US Supreme Court Hears Personal Injury Case Against Postal Service

The US Supreme Court is hearing the unusual personal injury claim by a Pennsylvania woman that could ultimately change the way government liability in this country is handled.

The case is over whether or not the woman, Barbara Dolan, can sue the US Postal Service over injuries she sustained when her mail was placed on her porch instead of her mailbox.  Dolan slipped and fell when she went to retrieve her mail.  She suffered wrist and back injuries and sought to sue the US Postal Service.

The federal law, however, prevents people from suing the Postal Service for the “loss, miscarriage or negligent transmission of letters or postal matter.”  Congress passed this caveat in an effort to not have lawsuits potentially disrupt the mail service.

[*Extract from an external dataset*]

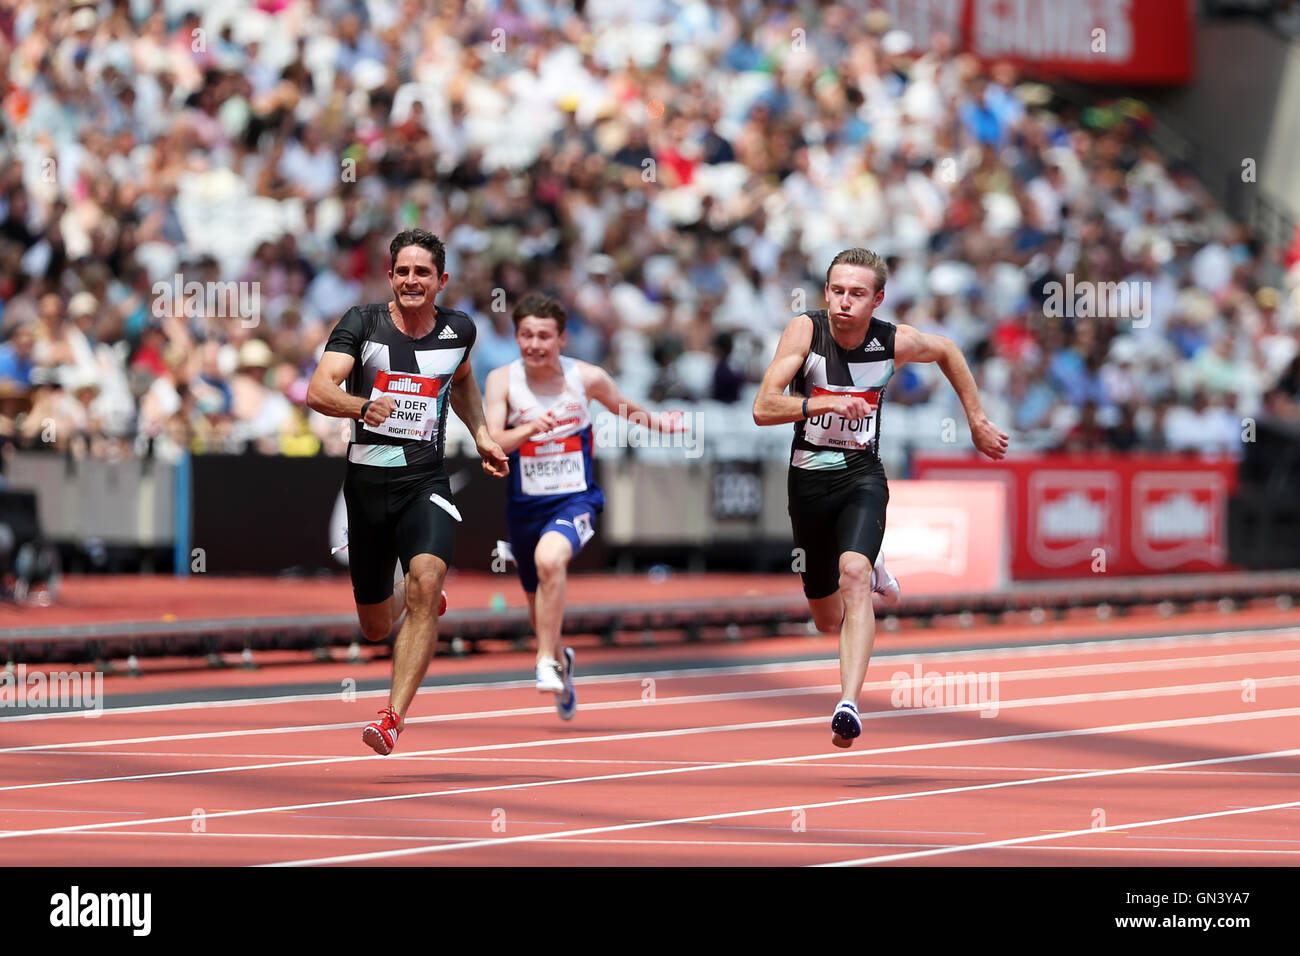 Charl du TOIT & Fanie van der MERWE in Südafrika läuft in den Männern T37 100m bei der IPC Jubiläumsspiele, Queen Elizabeth Olympic Park, Stratford, London, UK. Stockfoto
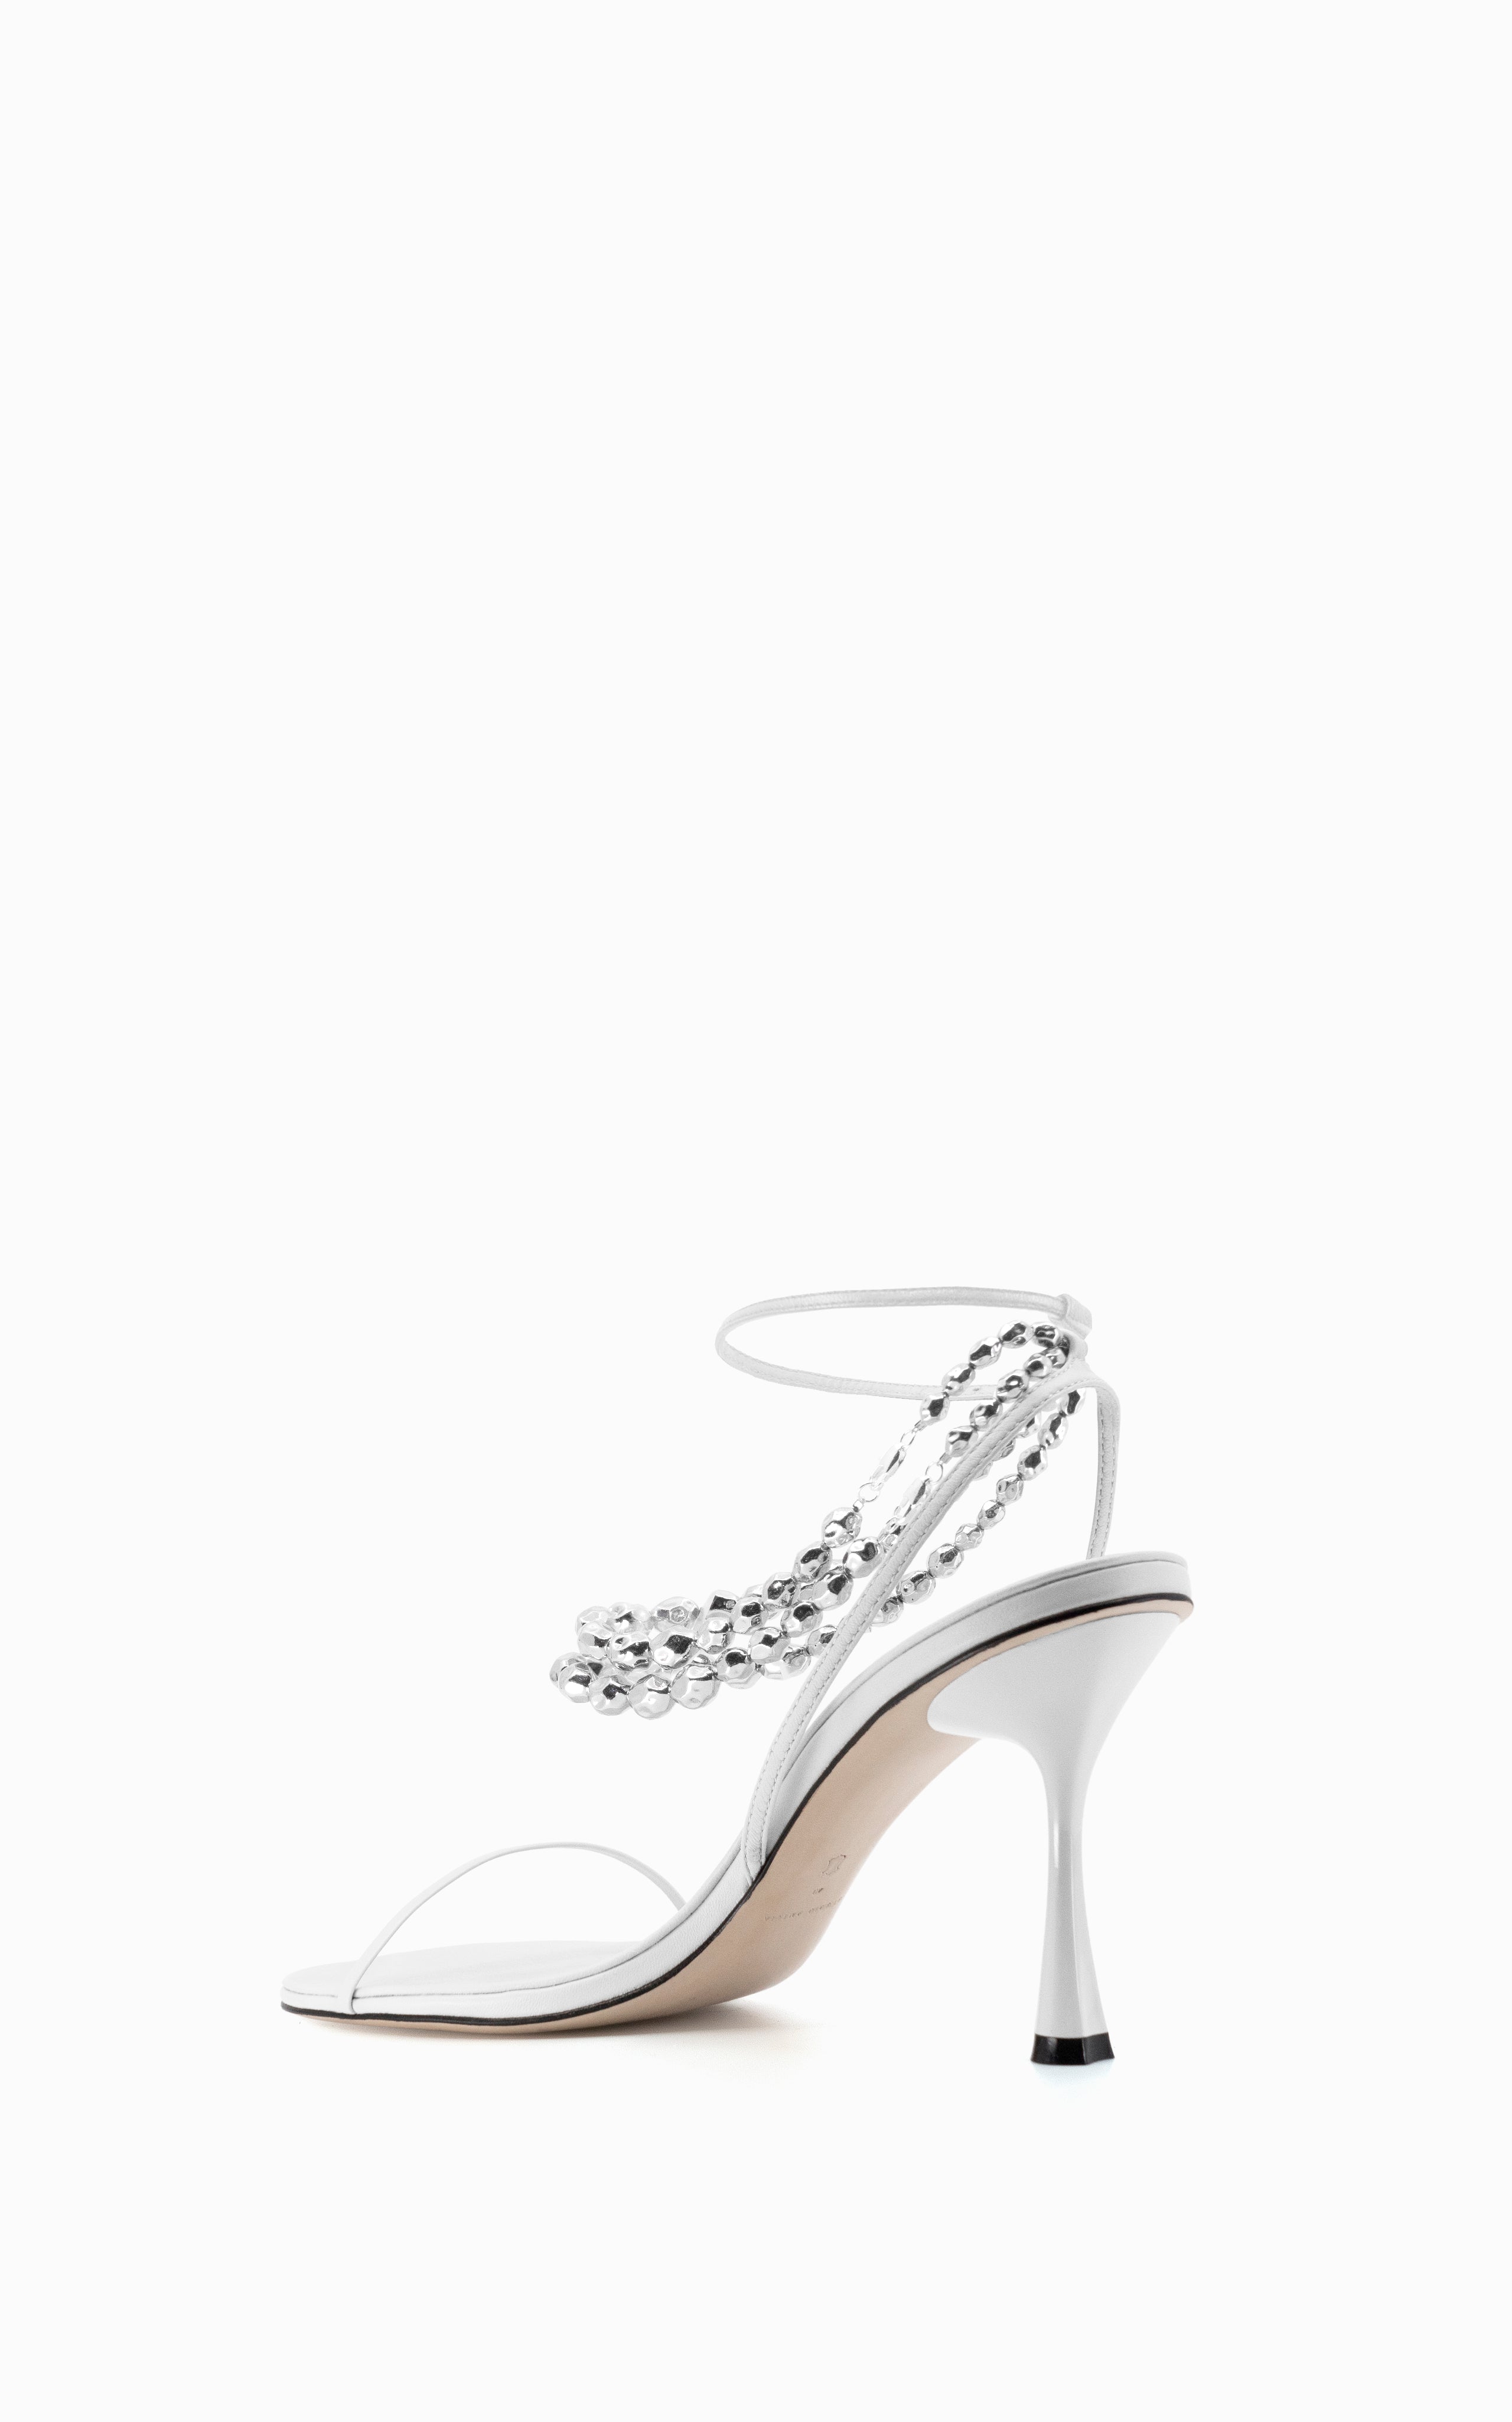 ZINZY WHITE High Heels | Buy Women's HEELS Online | Novo Shoes NZ

Dolan’s case, according to her lawyer James Radmore, revolves not around negligent transmission but around Dolan’s injuries sustained from that negligent transmission.  Justice Stephen Breyer asked the government’s defense attorney if a postal worker strapped on skis to their vehicle and went around ramming people could they be sued.  Patricia Millet, the government attorney, answered that according to current law they could not be sued.

A citizen or entity cannot sue the federal government unless a special hearing is first held and a judge approves the motion.  Federal courts in Pennsylvania and New York rejected Dolan’s case before the US Supreme Court agreed to hear it.

The most recent statements from the court express serious doubt about whether the laws can protect the Postal Service in cases such as this one.  The case is expected to be decided by July of 2006 and could affect the nature of personal injury cases against the government in the US forever.